Indagare sulle barriere coralline
Il team ha preparato piccole macchie di corallo per creare una tabula rasa per il loro esperimento. Hanno quindi attaccato un determinato numero di scheletri di corallo morto a ciascuna zona, quindi hanno attaccato i giovani coralli sani alla barriera corallina in modo tale che ciascuno potesse essere rimosso e misurato periodicamente man mano che crescevano. Hanno anche aggiunto vassoi di macroalghe per confrontare gli erbivori trovati all’interno degli scheletri sbiancati con quelli consumati all’aperto.
“Abbiamo scoperto che gli scheletri di coralli morti impediscono agli erbivori di rimuovere le macroalghe, il che consente la crescita e impedisce ai nuovi coralli di stabilirsi e sopravvivere sulla barriera corallina”, ha detto Kopecky.
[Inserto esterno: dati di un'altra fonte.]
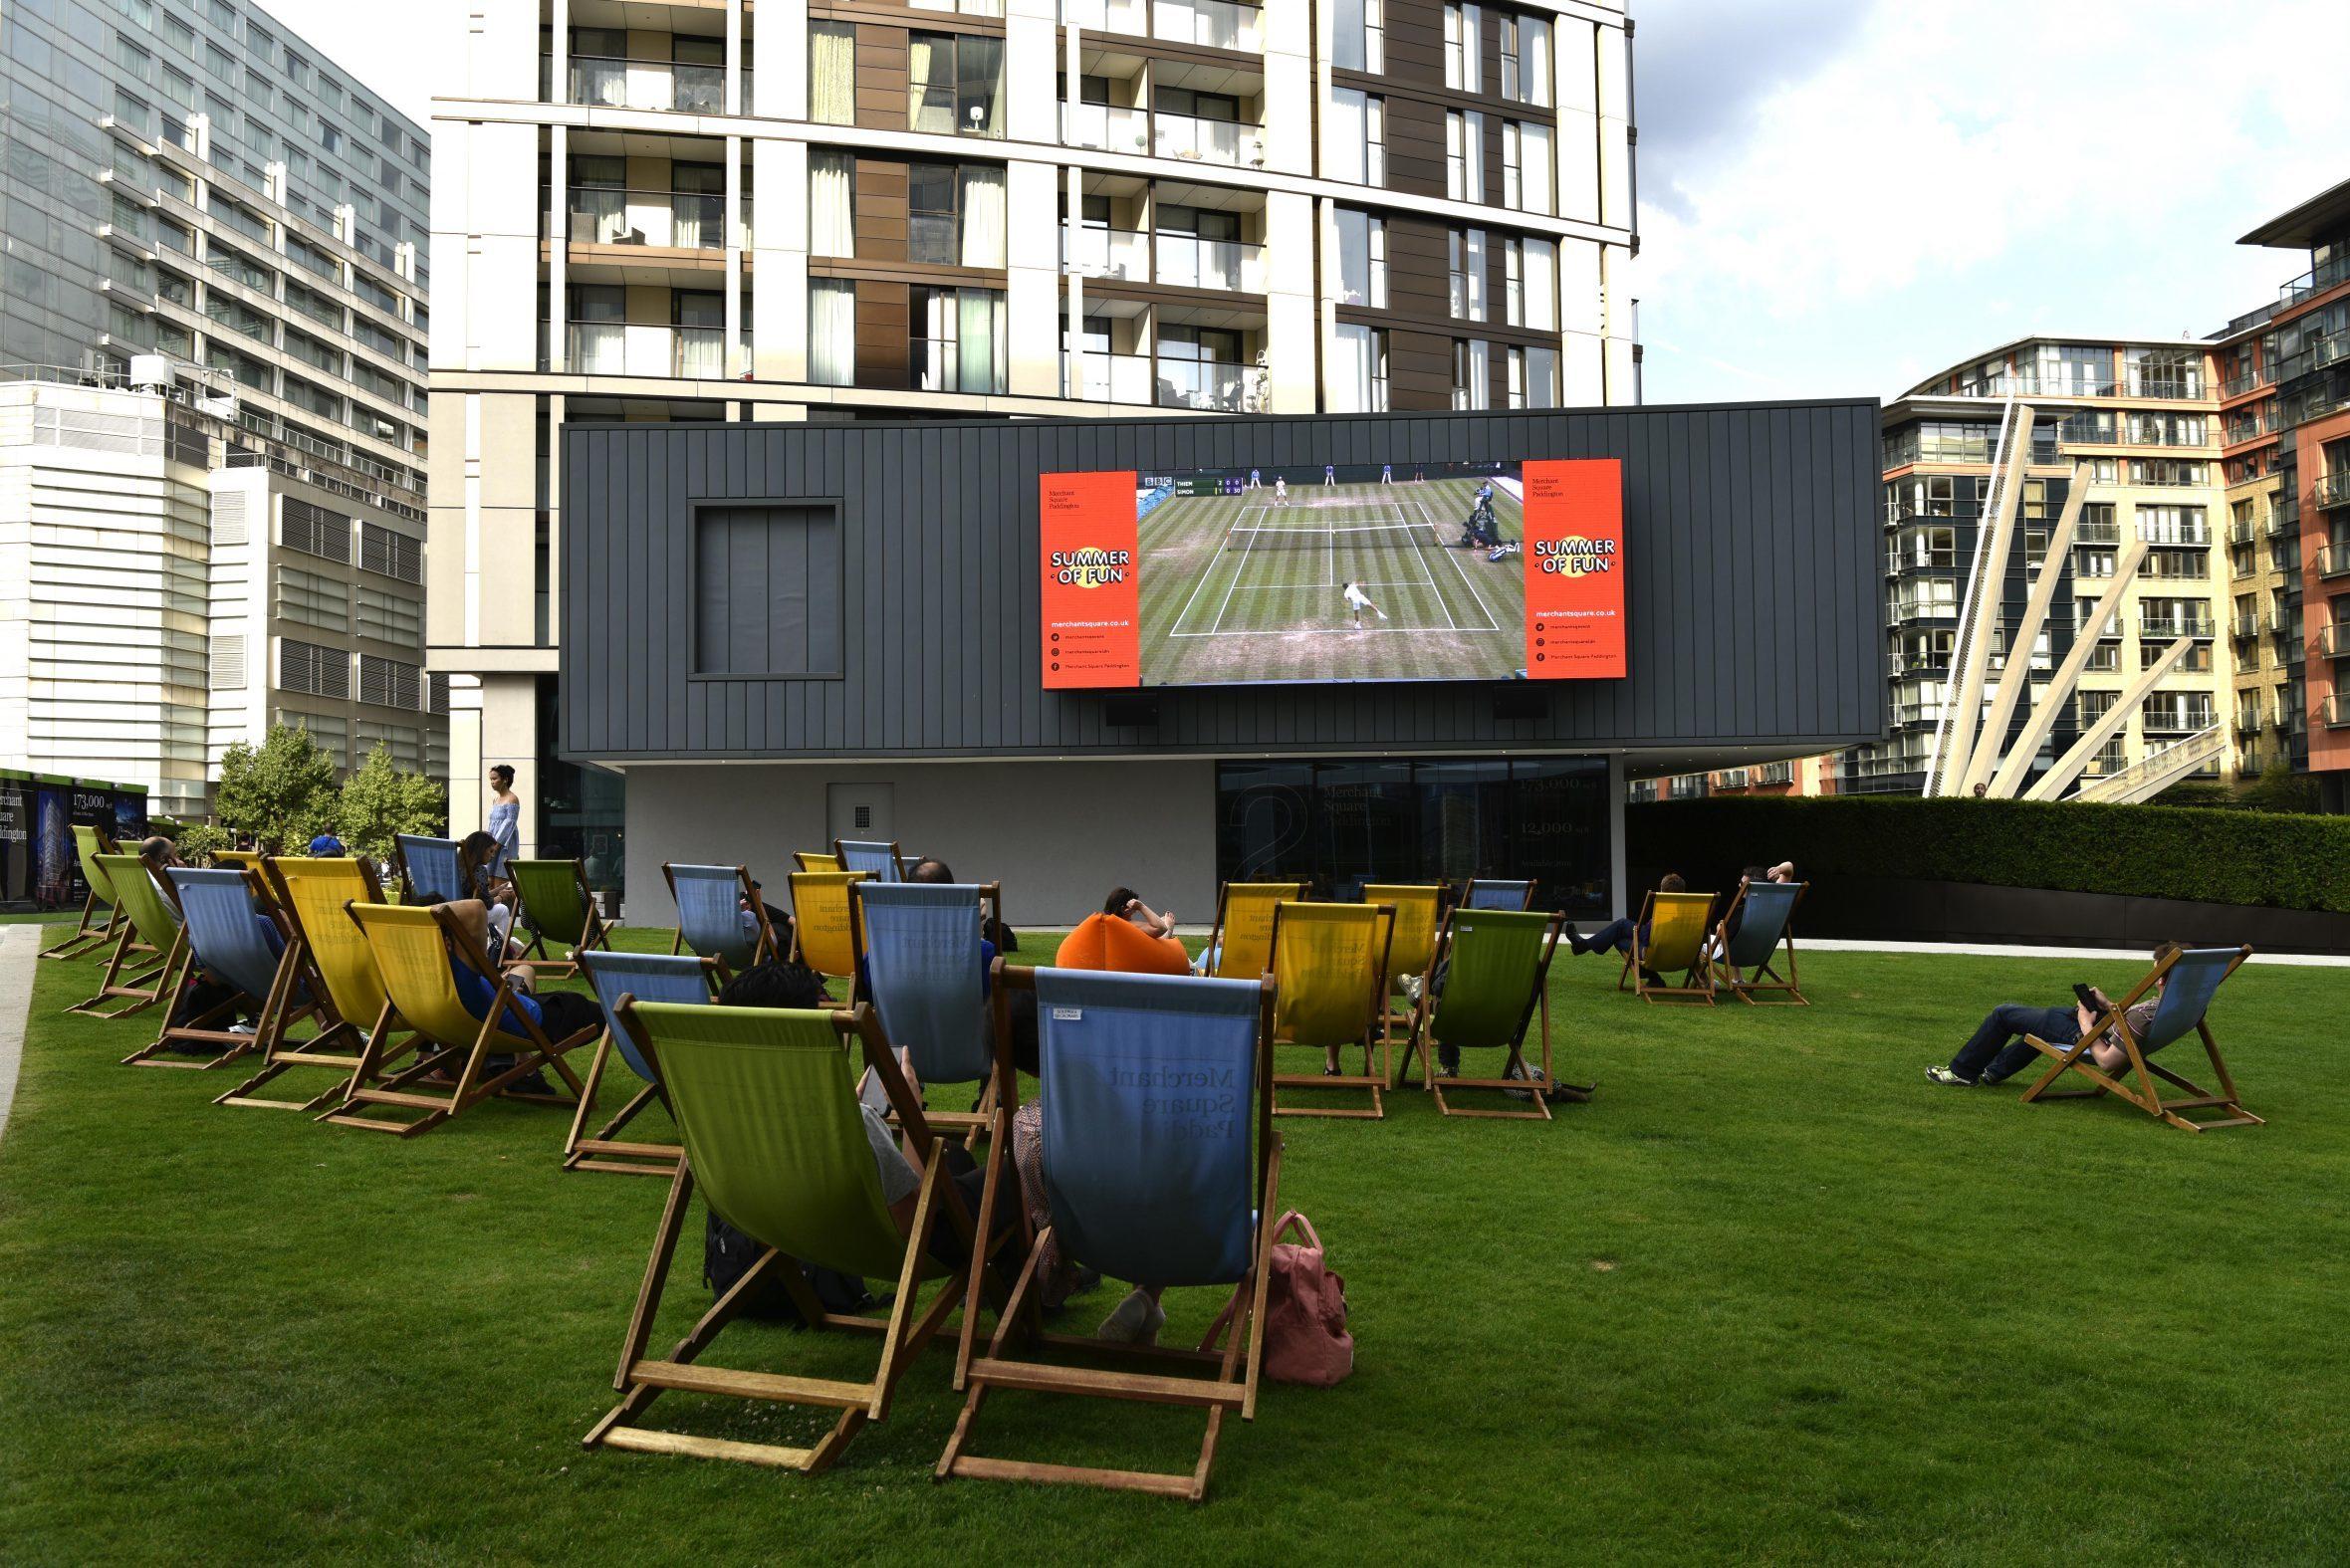 The Big Screen at Merchant Square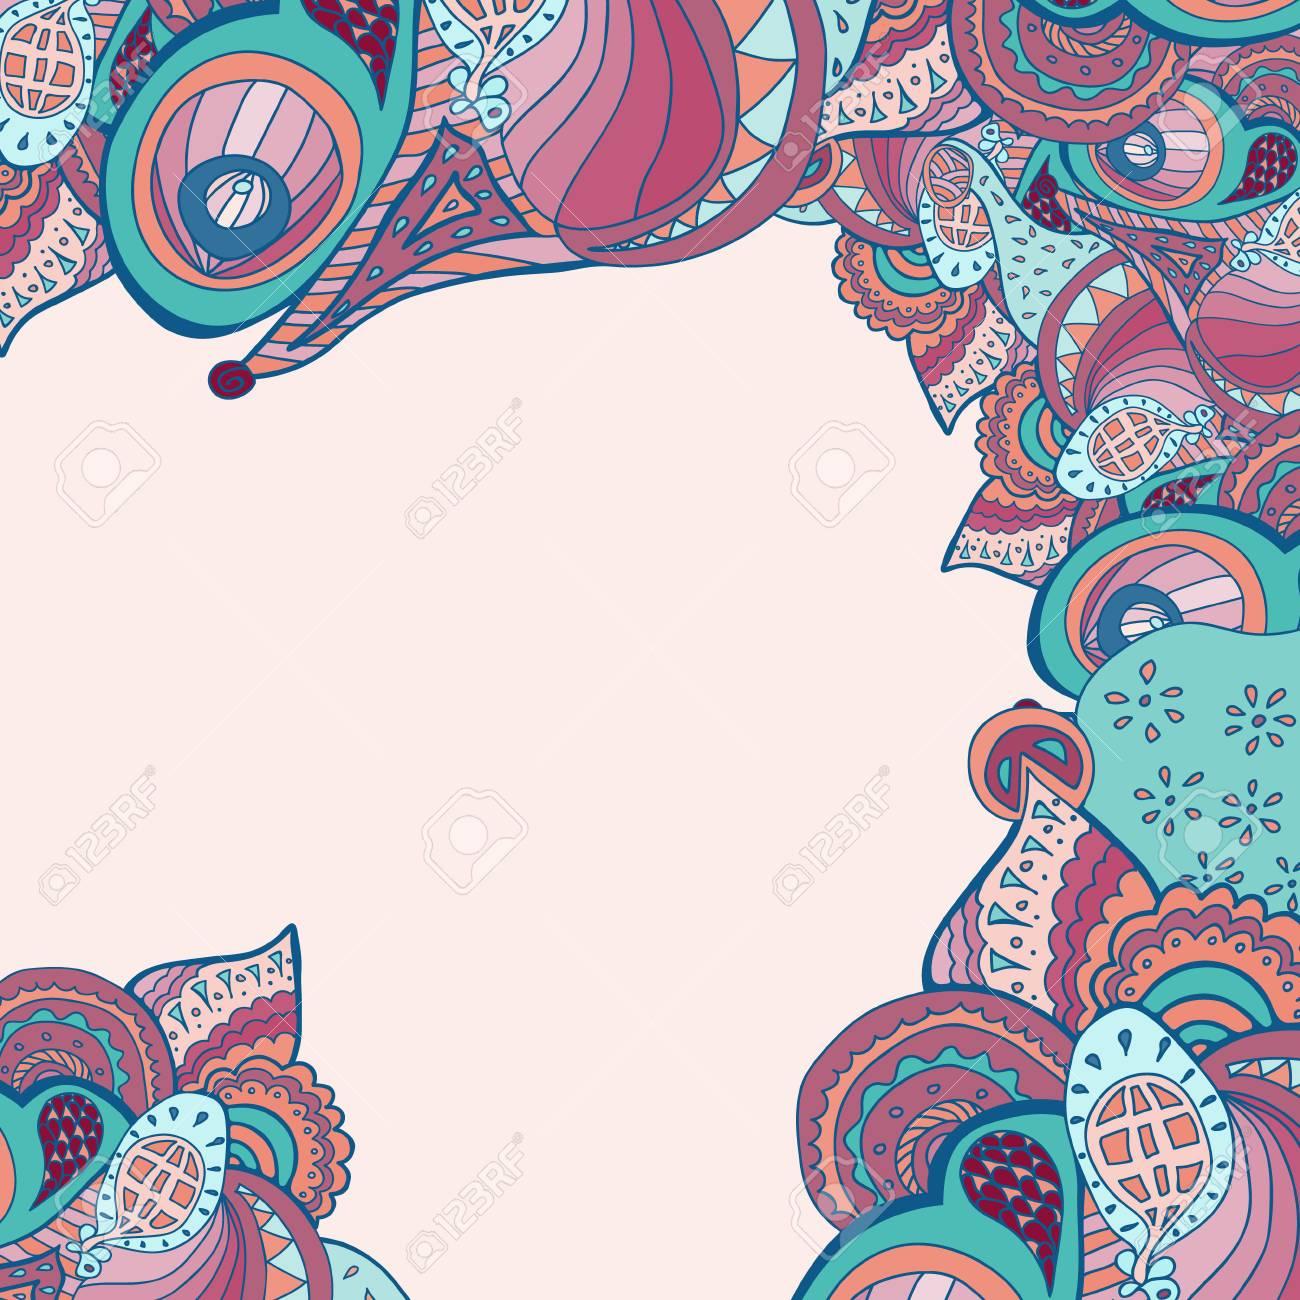 Vector Border Illustration Decorative Element Border For Invitation

In teoria, la protezione degli scheletri di coralli morti potrebbe aiutare i giovani coralli, se le nuove reclute si stabilissero sulla barriera corallina subito dopo lo sbiancamento. Sfortunatamente, i coralli tendono a riprodursi solo una volta all’anno, mentre molte alghe si riproducono costantemente, dando alle alghe marine il vantaggio di colonizzare il nuovo substrato disponibile.
Le macroalghe competono con i coralli per lo spazio, la luce e le risorse. Le alghe crescono più velocemente dei coralli, quindi senza l’influenza equilibratrice degli erbivori possono facilmente invadere i coralli, impedendo a nuovi coralli di stabilirsi e oscurando le colonie che lo fanno. Le giovani reclute di coralli sono particolarmente vulnerabili a questa competizione, e una volta che una barriera corallina passa dall’essere ricoperta di coralli a ricoperta di alghe, il cambiamento può essere difficile da invertire, come il team ha dimostrato in ricerche precedenti.
Considera le transizioni a lungo termine
Gli autori hanno confrontato i risultati dei loro piccoli esperimenti con i dati a lungo termine provenienti dal sito e hanno visto traiettorie notevolmente diverse dopo diversi tipi di perturbazioni. “La copertura dei coralli sulle barriere coralline è aumentata dopo l’uragano, mentre la copertura delle macroalghe è diminuita”, ha detto Kopecky. “Dopo l’evento di sbiancamento, è successo esattamente l’opposto.”
I risultati hanno trovato contesto nel concetto di memoria ecologica, che tiene conto di come gli eventi passati possono influenzare il corso di un ecosistema. Questi cambiamenti possono portare a squilibri tra ciò a cui è abituato l’ecosistema e ciò che sperimenta attualmente. “Mentre questi regimi di disturbo cambiano, cambia anche la memoria ecologica”, ha spiegato Kopecky. Sfortunatamente, l’ecosistema potrebbe non essere adattato per affrontare il nuovo regime, poiché vaste collezioni di scheletri di coralli morti vengono lasciate indietro dopo un disturbo. Ciò potrebbe cambiare le relazioni a lungo termine, come quelle tra erbivori, alghe e coralli.
Kopecky vuole sapere se la rimozione degli scheletri morti dalle barriere coralline può stimolare il recupero dei coralli, o almeno mitigare gli effetti dello sbiancamento. “Nelle barriere coralline, questa è una nuova idea e strategia”, ha detto. “Ma se si guarda ad altri ecosistemi – come gli incendi prescritti nelle foreste per rimuovere il legno morto – le persone pensano sempre più a manipolare le cose morte negli ecosistemi a fini di gestione”.